This approach has served WhatsApp well and its users better. WhatsApp has done for messaging what Skype did for voice and video calls. By using the Internet as its communications backbone, WhatsApp has completely transformed personal communications, which was previously dominated by the world’s largest wireless carriers.
For the past three years, it’s been our privilege to work shoulder-to-shoulder with Jan and Brian as their close business partner and investor. It’s been a remarkable journey, and we could not be happier for these talented underdogs whose unshakeable beliefs and maverick natures epitomize the spirit of Silicon Valley.
Here are four numbers that tell the story of WhatsApp: 450, 32, 1 and 0.

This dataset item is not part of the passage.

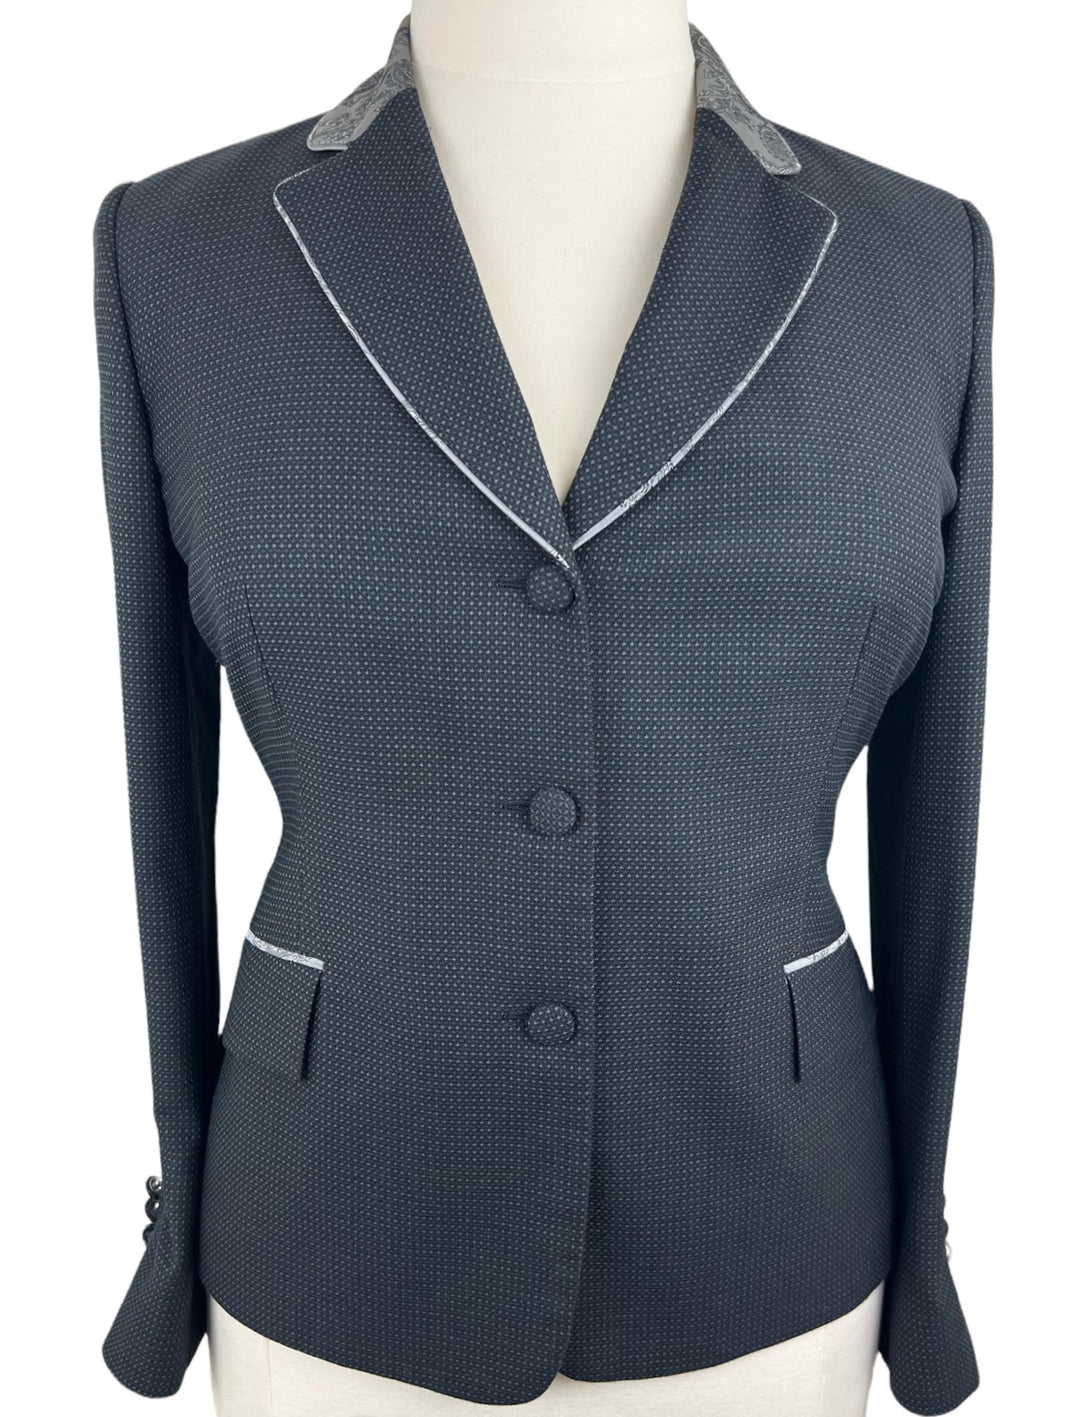 Black & Silver Show Coat (Size 12 Short)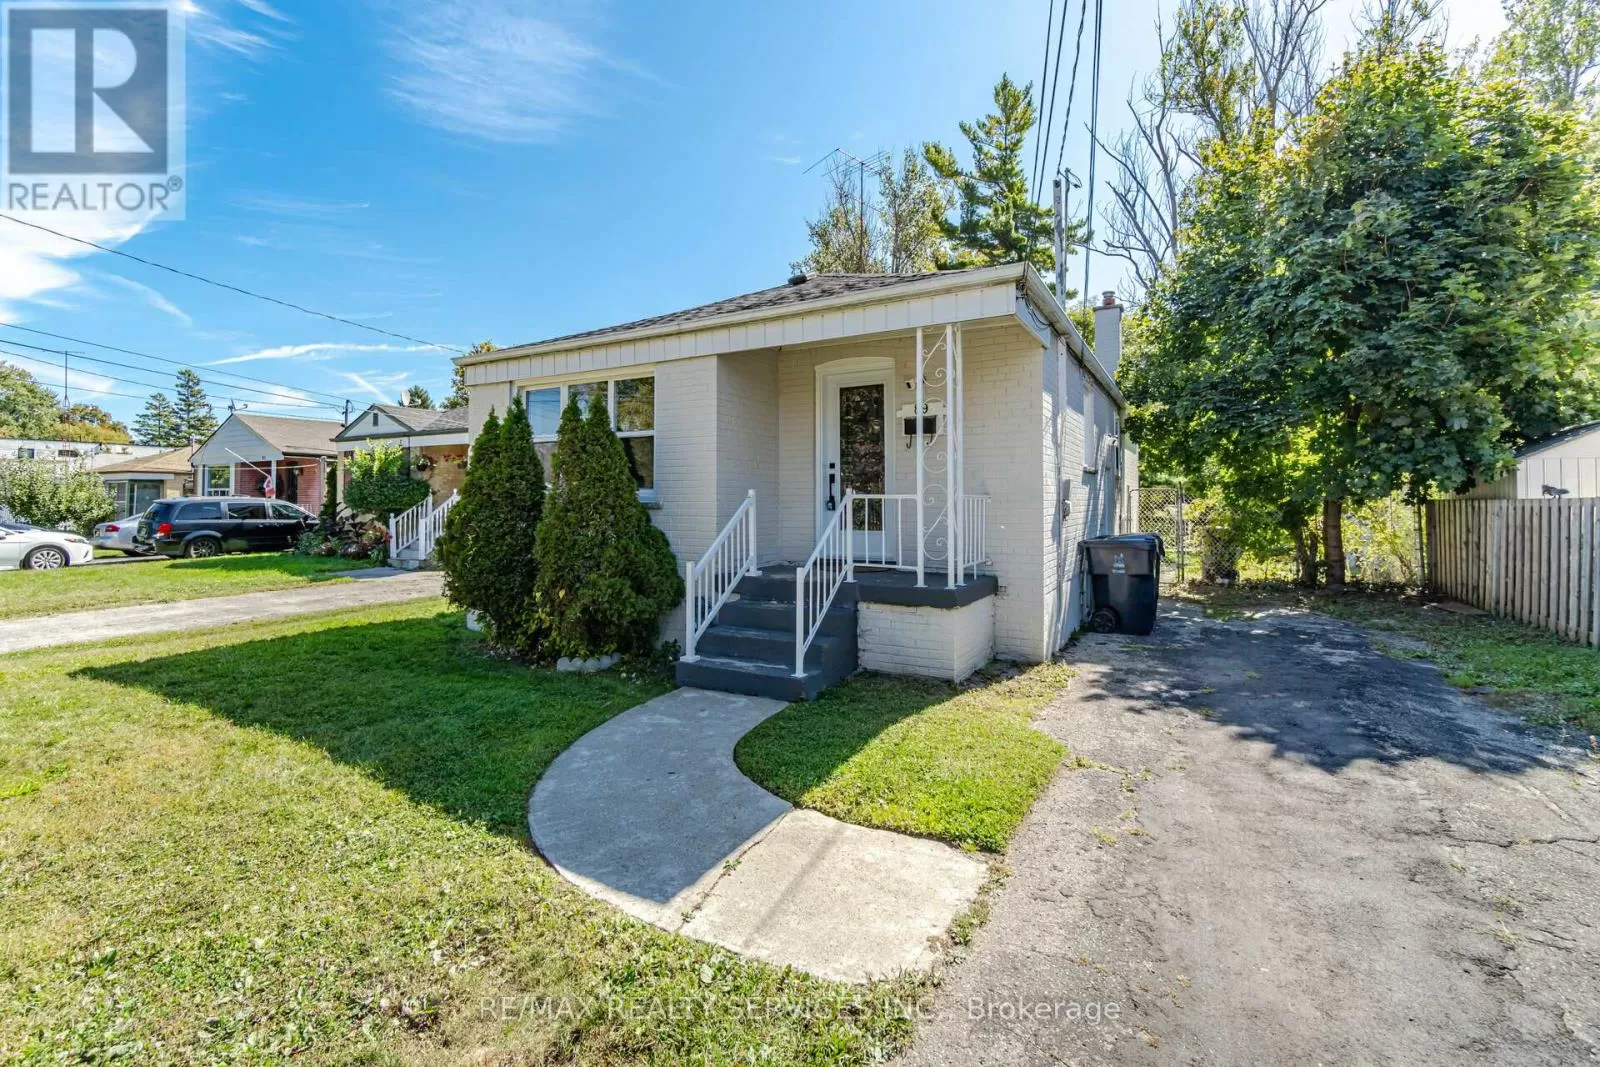 House for rent: 89 Darlingside Drive, Toronto, Ontario M1E 3P2

450. WhatsApp has more than 450 million active users, and reached that number faster than any other company in history. It was just nine months ago that WhatsApp announced 200 million active users, which was already more than Twitter. Every day, more than a million people install the app and start chatting, and they remain more engaged with WhatsApp than on any other service. Incredibly, the number of daily active users of WhatsApp (compared to those who log in every month) has climbed to 72%. In contrast the industry standard is between 10% and 20%, and only a handful of companies top 50%.
WhatsApp has tapped into our insatiable appetite for personal communication. It is part of a chain that over the past 150 years reaches from the Pony Express, Telegraph and airmail letter to the telephone and email. WhatsApp has become today’s flag-bearer for personal communications.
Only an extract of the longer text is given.